Read the Web: WSDM 2010 Supplementary Online Materials



These files are supplementary online material for the WSDM 2010 paper "Coupled Semi-Supervised Learning for Information Extraction" by Carlson, Betteridge, Wang, Hruschka, and Mitchell. This work is part of the Read the Web research project.

Knowledge Bases

These Knowledge Bases contain all of the information about each entity from the experimental runs in the paper. Each entity has information stored in an XML file. Promoted values as well as candidate values are stored, along with sources and probabilities.

Seed Ontology

These spreadsheets contain the seed ontology information about categories and relations, including the 15 seed instances for each predicate.

All Instances Promoted by each Algorithm

These tab-separated text files contain every item promoted by each algorithm during the runs from the paper.

All Promoted Textual Patterns


Labeled Samples from All Promotions for each Algorithm

This text file contains all of the items (up to 30 per predicate) sampled for each algorithm which were used to estimate the precision of all instances promoted by each algorithm for each predicate. The format is "algorithm TAB predicate TAB instance TAB correct/incorrect" where "correct/incorrect" indicates the label from the Mechanical Turk majority vote.

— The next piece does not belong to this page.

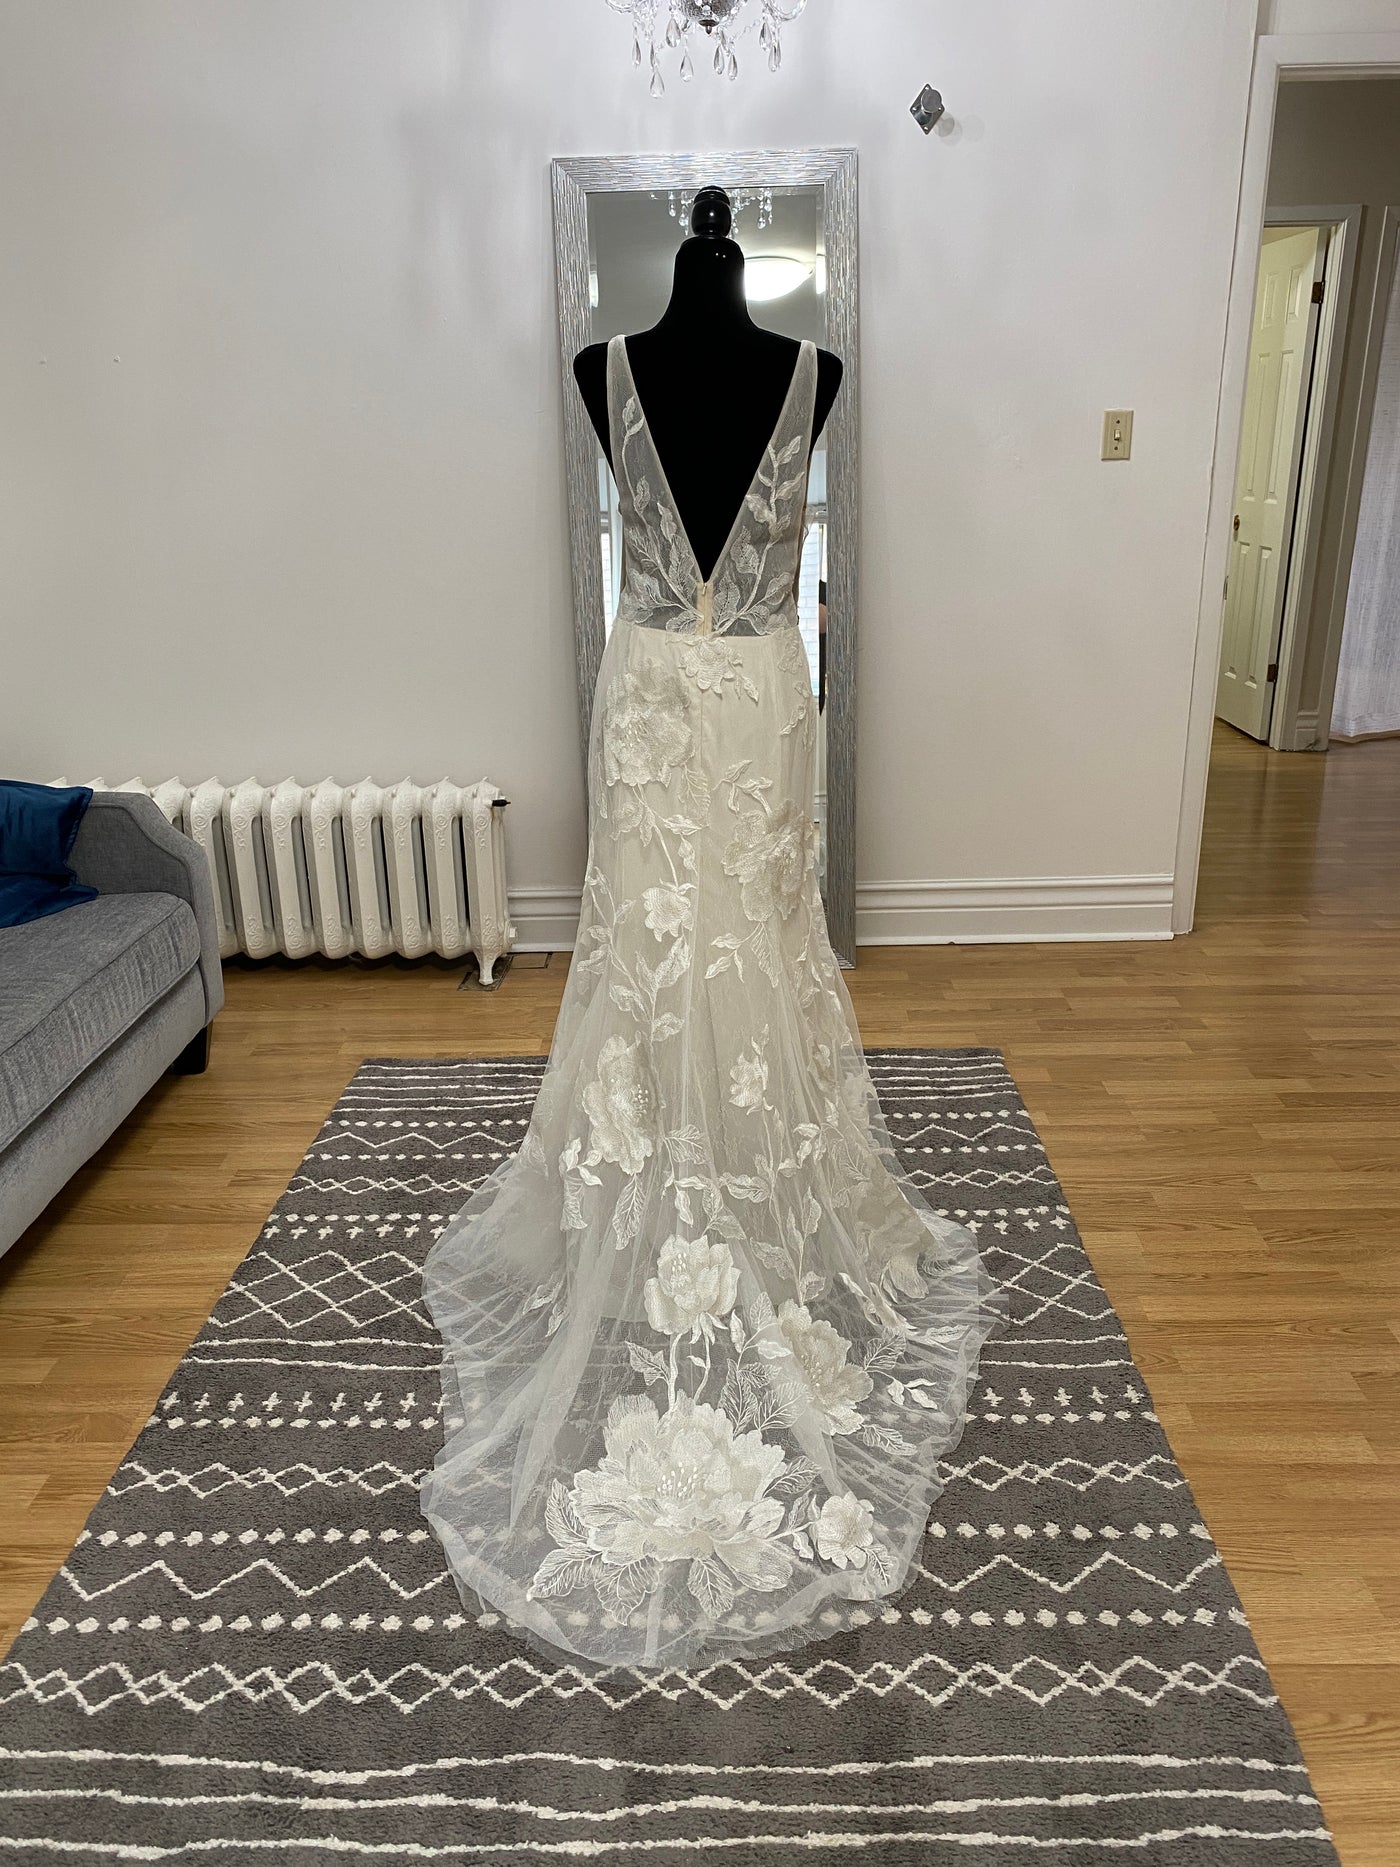 A Willowby by Watter Honor 52122 - Sample Size wedding dress with floral motifs displayed on a mannequin in a living room, reflecting in a full-length mirror.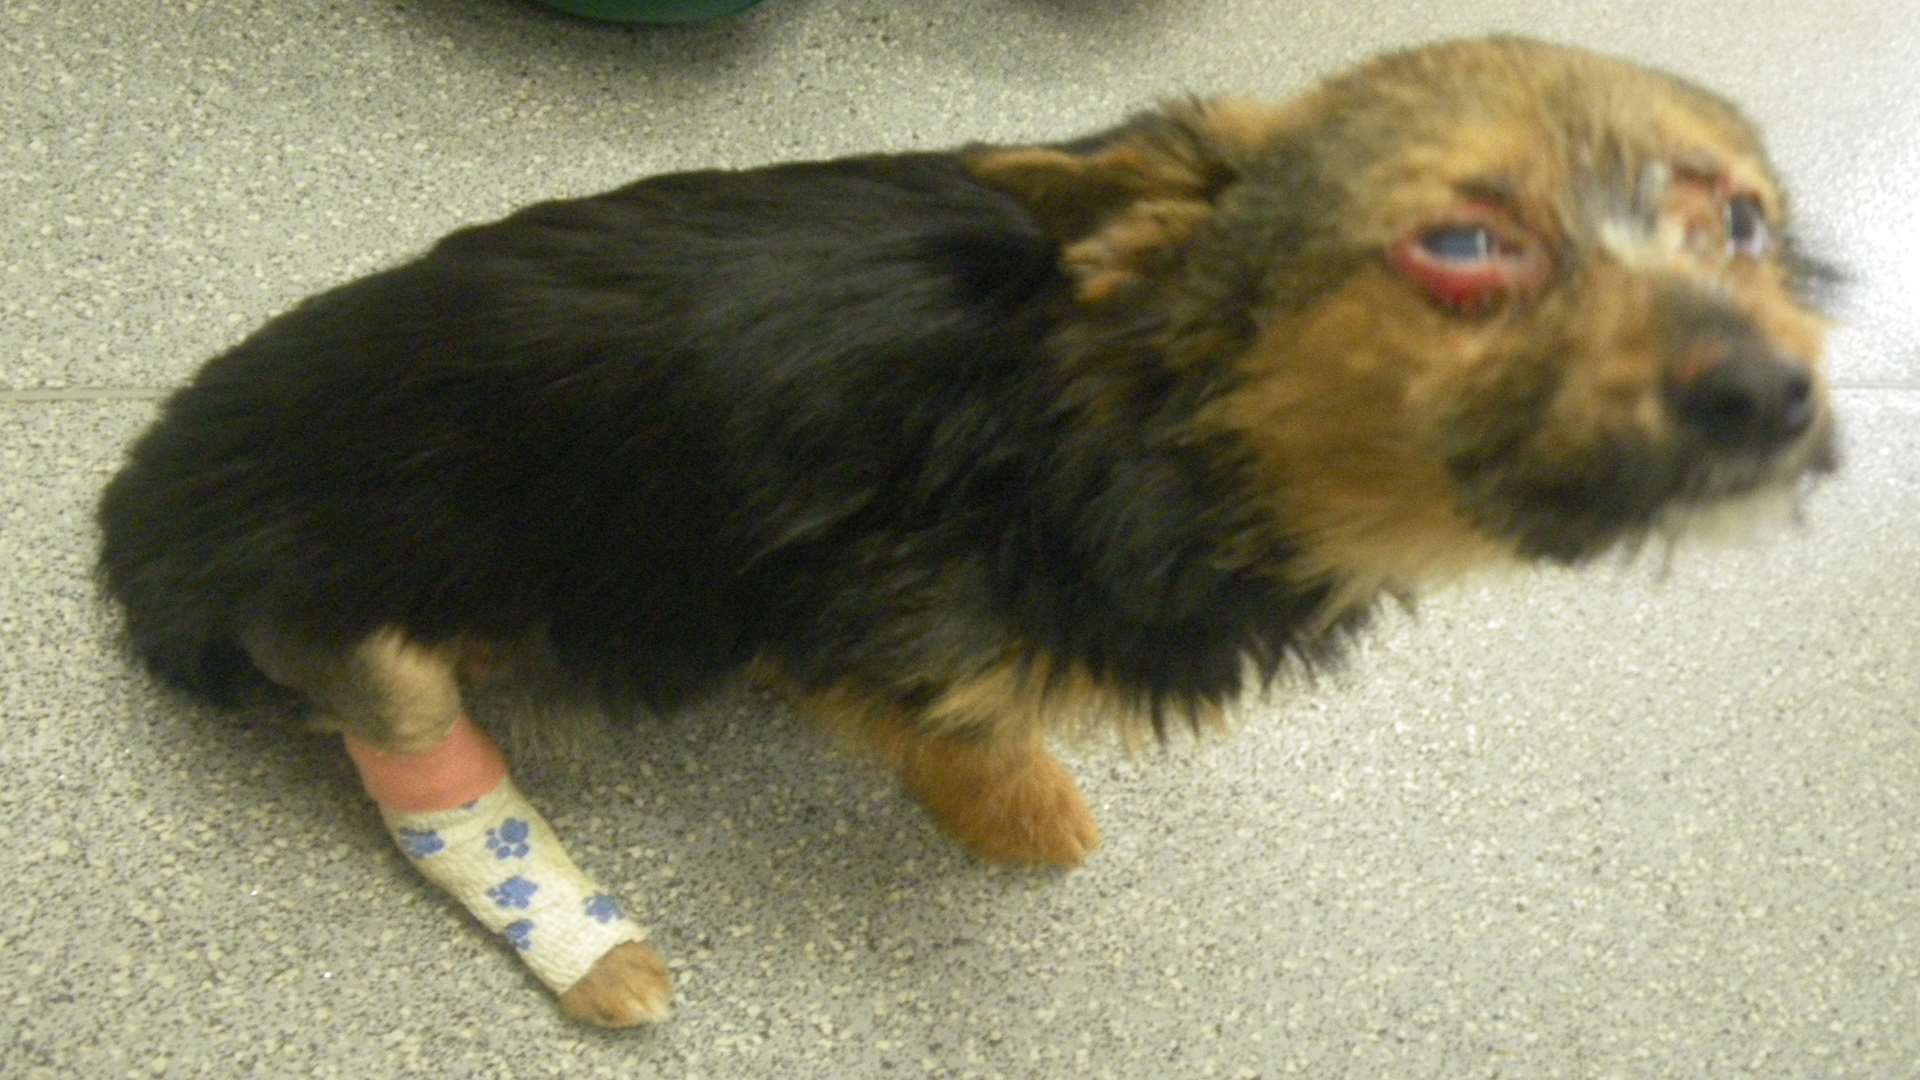 Chunky suffered severe injuries including a broken neck and leg

Labeled Samples at Minimum Recall to Compare Two Algorithms

These text files contain all of the items (up to 30 per predicate) sampled using the "minimum recall" threshold described in the paper to directly compare four pairs of algorithms. The last column specifies the label assigned by the majority vote from Mechanical Turk.

Lists Used in Segmenting Noun Phrases

These lists are used in segmenting noun phrases.

Mechanical Turk Evaluation Files

These files include the judgments from our Mechanical Turk evaluation, detailed predicate descriptions shown to MT evaluators, and files that may be useful to researchers who want to use our MT command line tool templates as a starting point for their own MT HITs.

All Candidate Instances Extracted by each Algorithm

These tab-separated text files contain every item extracted (but not necessarily promoted) by each algorithm during the runs from the paper.